Exclusive! Book Excerpt!


 Here’s an excerpt from my upcoming book to tantalize you and convince you to buy it!
 It’s Not Walking. Walking is a whole other thing.
I’ve probably said this before (and most likely will say it again) but if one more person says, “Look at you! You’re walking!” I’m gonna scream!  This, this thing that I do to ambulate from one place to another, this is not walking!  Not in any sense of the word.  This is getting around.  (as my friend/Operations Manager is fond of saying, “it’s a workaround; we’re really good at workarounds!”).  Walking is a whole other thing. 
Walking, in case you were unaware, is a complex exercise in which brain, muscle, tendon, nerve, bone, cartilage, and blood dance together, perfectly choreographed.

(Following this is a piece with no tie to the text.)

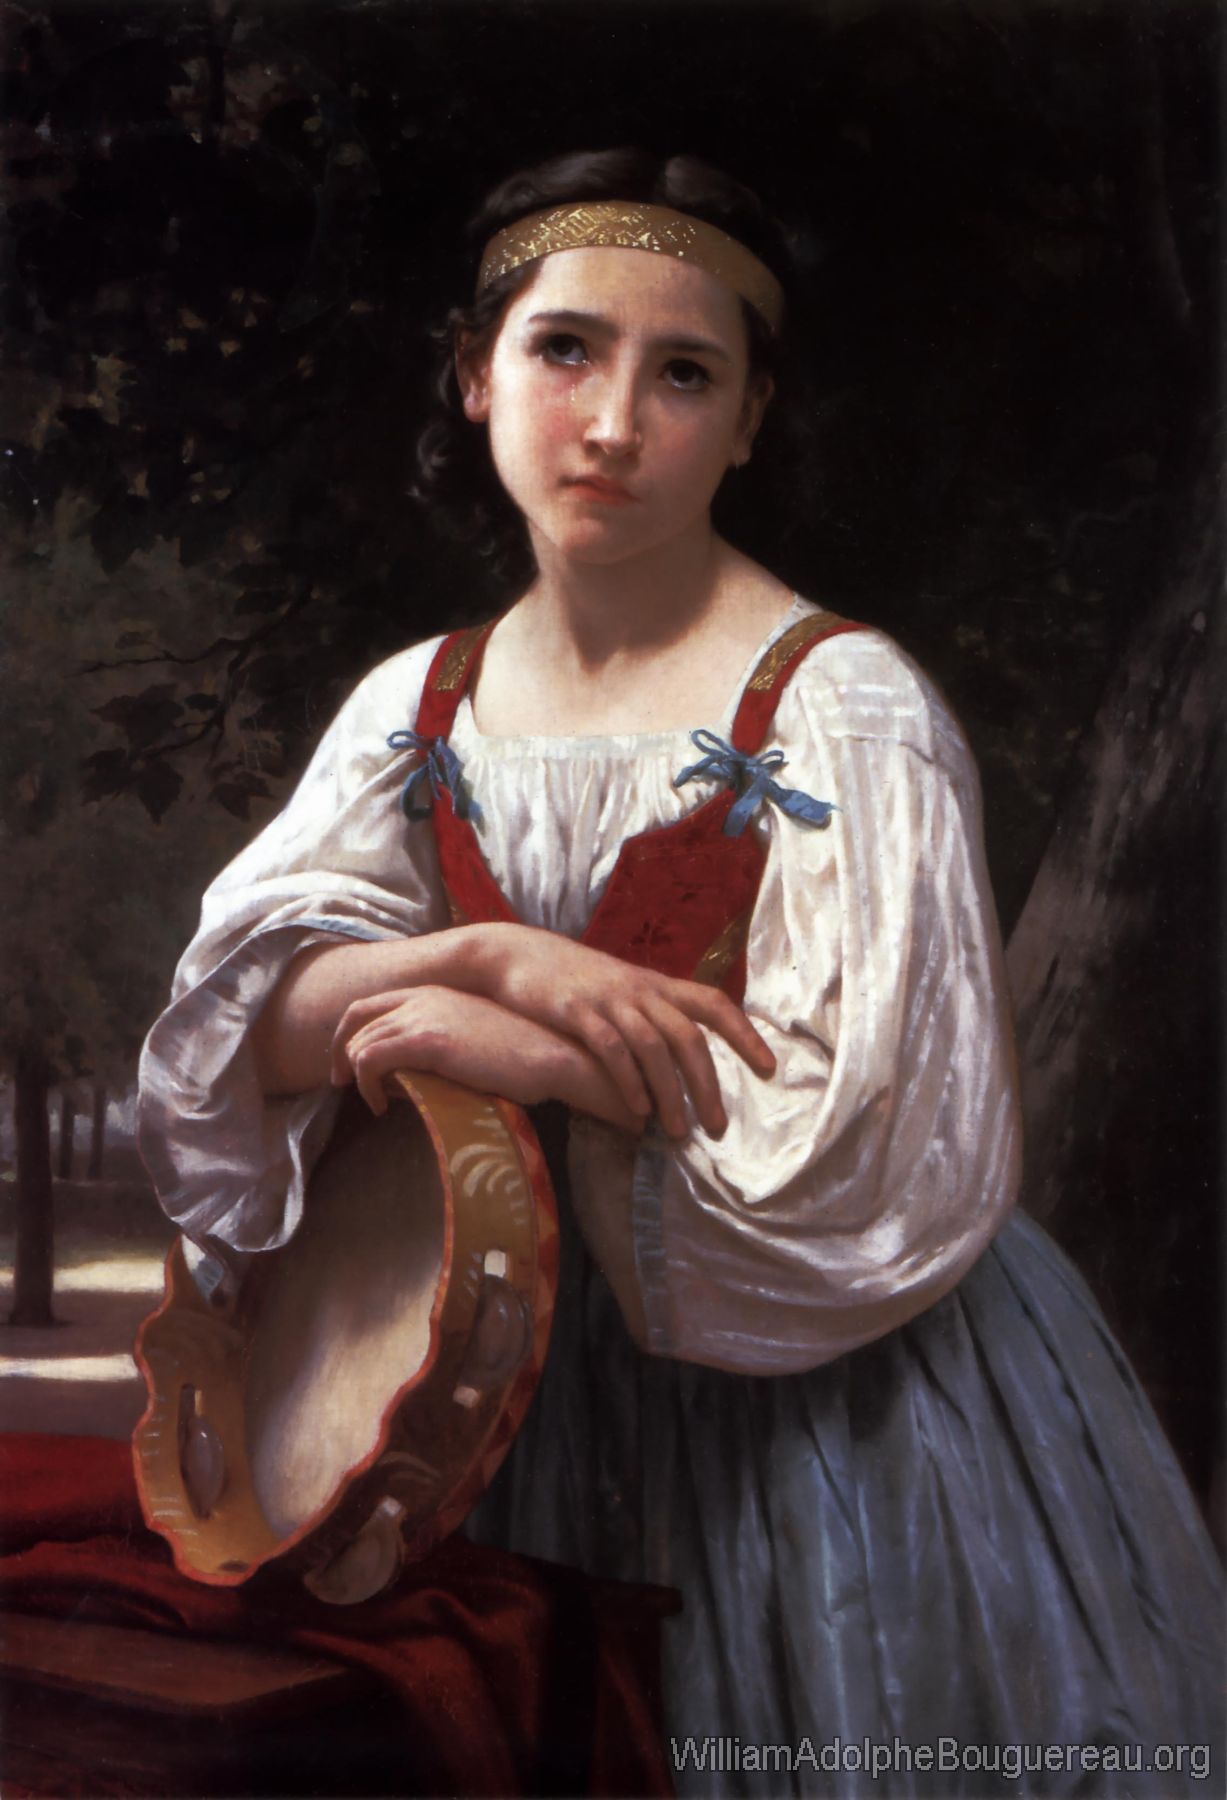 Bohemienne au Tambour de Basque (Gypsy Girl with a Basque Drum)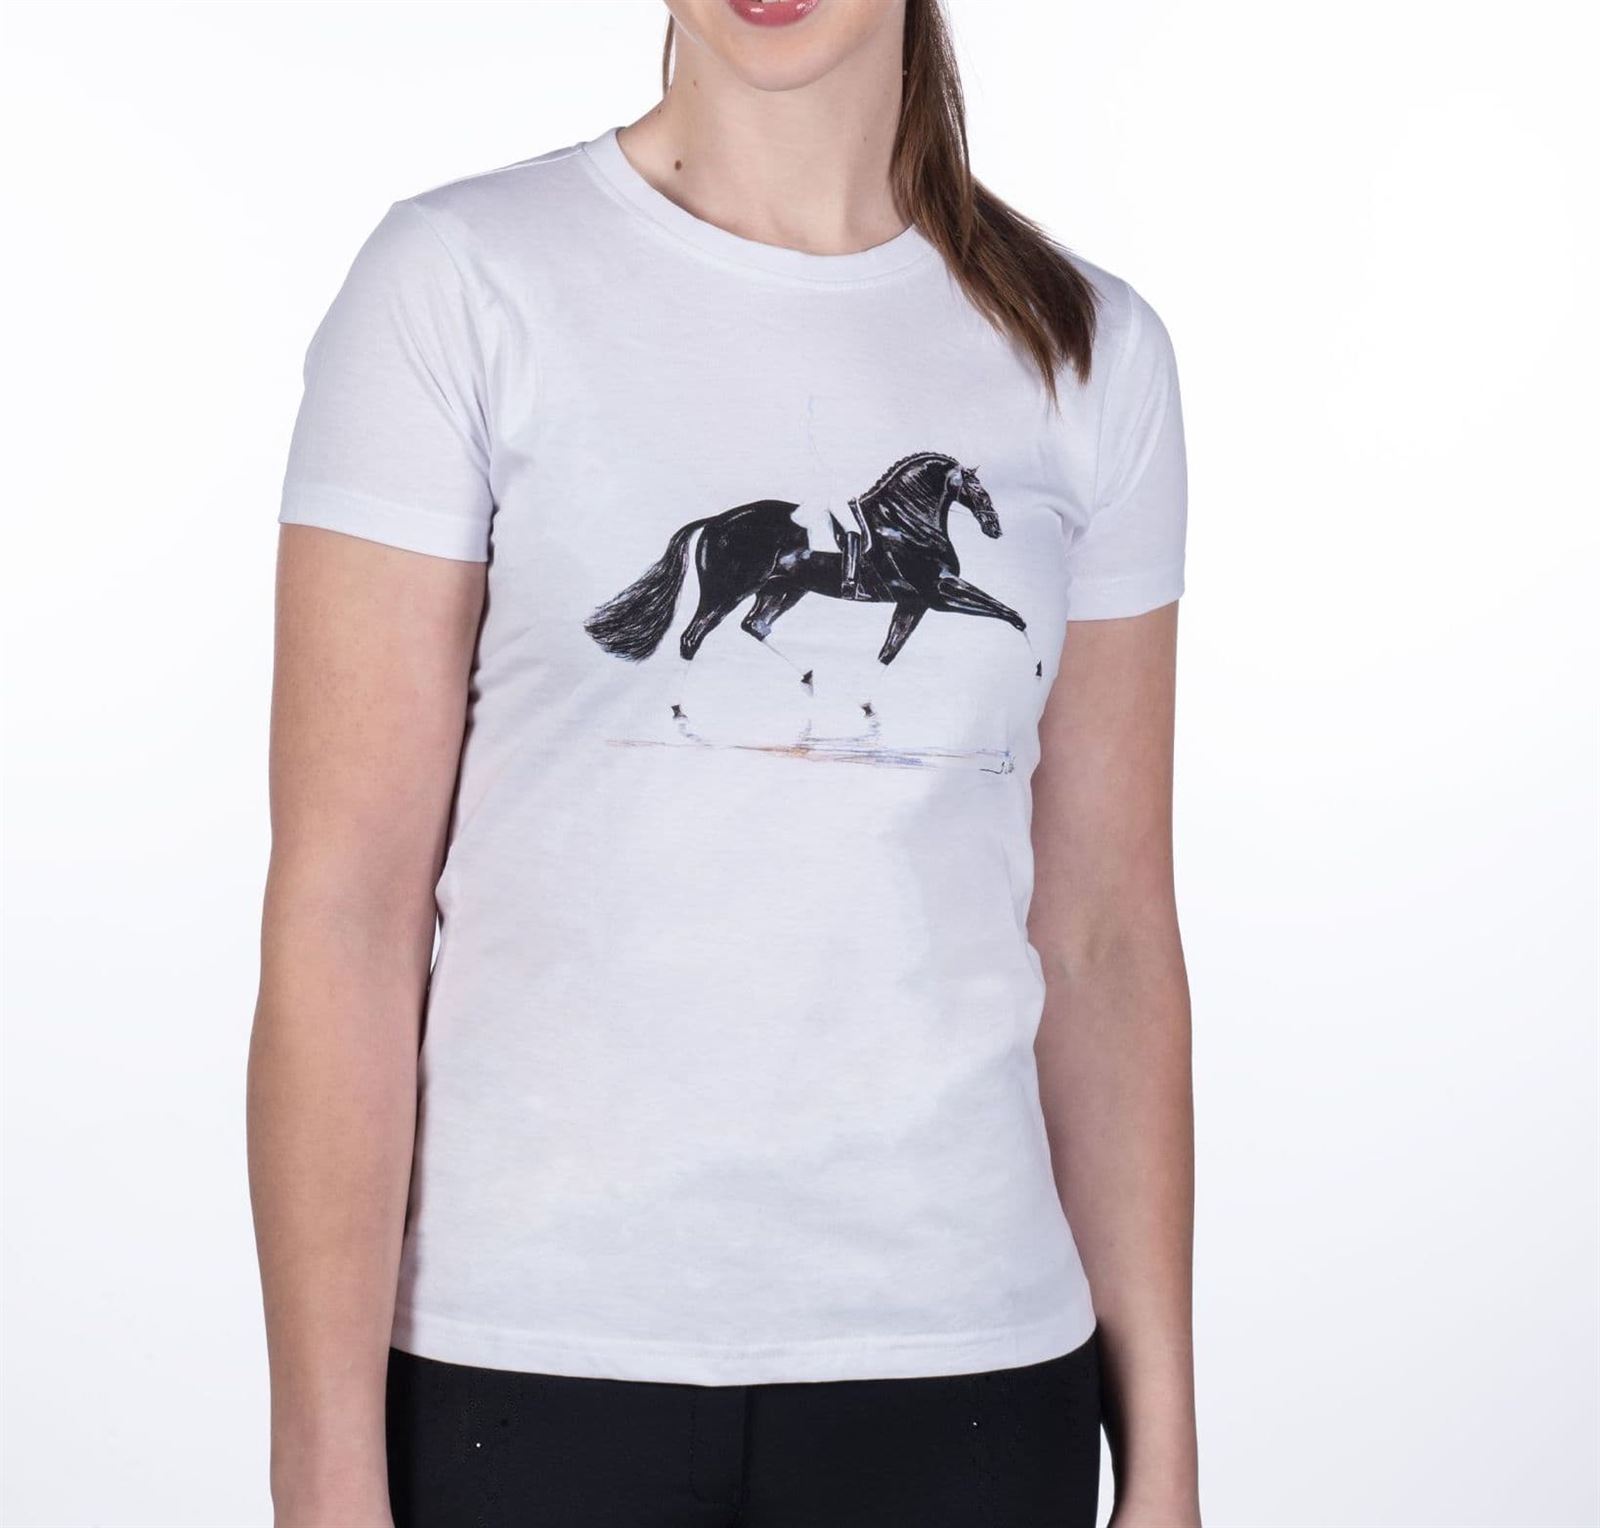 Camiseta HKM Sports Equipment caballo doma - Imagen 3

Human walking is frequently described as “controlled falling.”  According to the American Physiology Society”…walking does not involve a simple sequence of alternating contractions in pairs of antagonistic muscles but involves complex and variable patterns of activity.”
Still not convinced?  Take a few steps and carefully observe. As you move forward you bend your knee slightly, pull up your foot starting with the heel rolling up to your toes and then using your hip propel yourself forward, generally with a great deal of grace and balance.  Take any of those myriad muscles, joints, etc. out of the equation and regular walking as we have evolved to do no longer exists.  It now becomes “getting around.”  In truth, I do walk with my left foot but I manage to drag my right foot along for the ride.  When I try to gently bend my right foot forward (which it doesn’t want to do) the action causes the right lower leg to jerk up marching style and the foot to curl inward resulting in putting the foot back down mostly on its side.  If I try to force the natural movements of a step I end up dragging my toes along the floor and if I’m walking on carpet that’s a recipe for tripping and/or stumbling.
I have a new appreciation for such a lowly activity as walking.  It is really poetry in motion compared to what I do.  And walking is only part of it.  I also can’t kneel, can’t squat down very well, have trouble rolling over in bed or on an exam table, crawling, and crouching under, and forget about getting down on the floor—at least on purpose!  Not only are these activities nearly impossible but painful as well.  So what you say?  Try picking something up that has fallen and rolled under a piece of furniture without squatting or kneeling.
Stepping over even a bump in the sidewalk or down from a curb can be treacherous. I do not have good leverage with my right leg so getting into and out of a restaurant booth or theater seat is tough. I lack the finesse to stand and just place my right foot into a shoe or even put on pants.  I get tangled up in cords, table and chair legs, and other would-be obstacles. We can’t park too close to another car as I can no longer squeeze out through a narrow passage, not being able to bend my knee sufficiently or slide my foot and let out smoothly. There’s definitely no scrambling up on a step stool or ladder to reach something above my head.  And of course, driving—at least using my feet—is out of the question. As my last PT put it: “You should not be driving; I’m glad you’re not driving!”
Perhaps the worst injustice: I am consigned to wearing only very flat, flexible shoes or “sturdy” ones which are large enough to accommodate my charming AFO.  No heels, slip-ons, boots or skimpy sandals for me.  And I have a pretty respectable collection of those! Every day I walk into my closet and am confronted by the Ferragamo’s, Eagles, Clarks, Italian Shoe Companies, and others that reside there.  It is as if their collectives eyes are gazing up at me; as if their collective voices are calling “remember”?  They are decidedly from before and as time goes on and more than one expert tells me that this is probably the best it is going to get I wonder if it isn’t the prudent thing to do to find a new home for them. But then I would walk into my closet and be confronted by sadly empty shoe shelves, looking as pathetic as when they were once filled with unused shoes.
At a friend’s birthday party I mentioned this in conversation with another friend.  Her advice (because it seems that everyone has some for me these days!) was that I start by giving up just my least favorite shoes and as I buy new ones that work I gradually give up the rest, eliminating the dreaded empty-shelf syndrome.  Sound advice except…I’m also “paralyzed” by something similar to what families of coma victims must experience: when do you pull the plug?  What if you pull it and then they come up with a cure?  What if you pull it and then spend the rest of your life wondering if it was the right thing to do?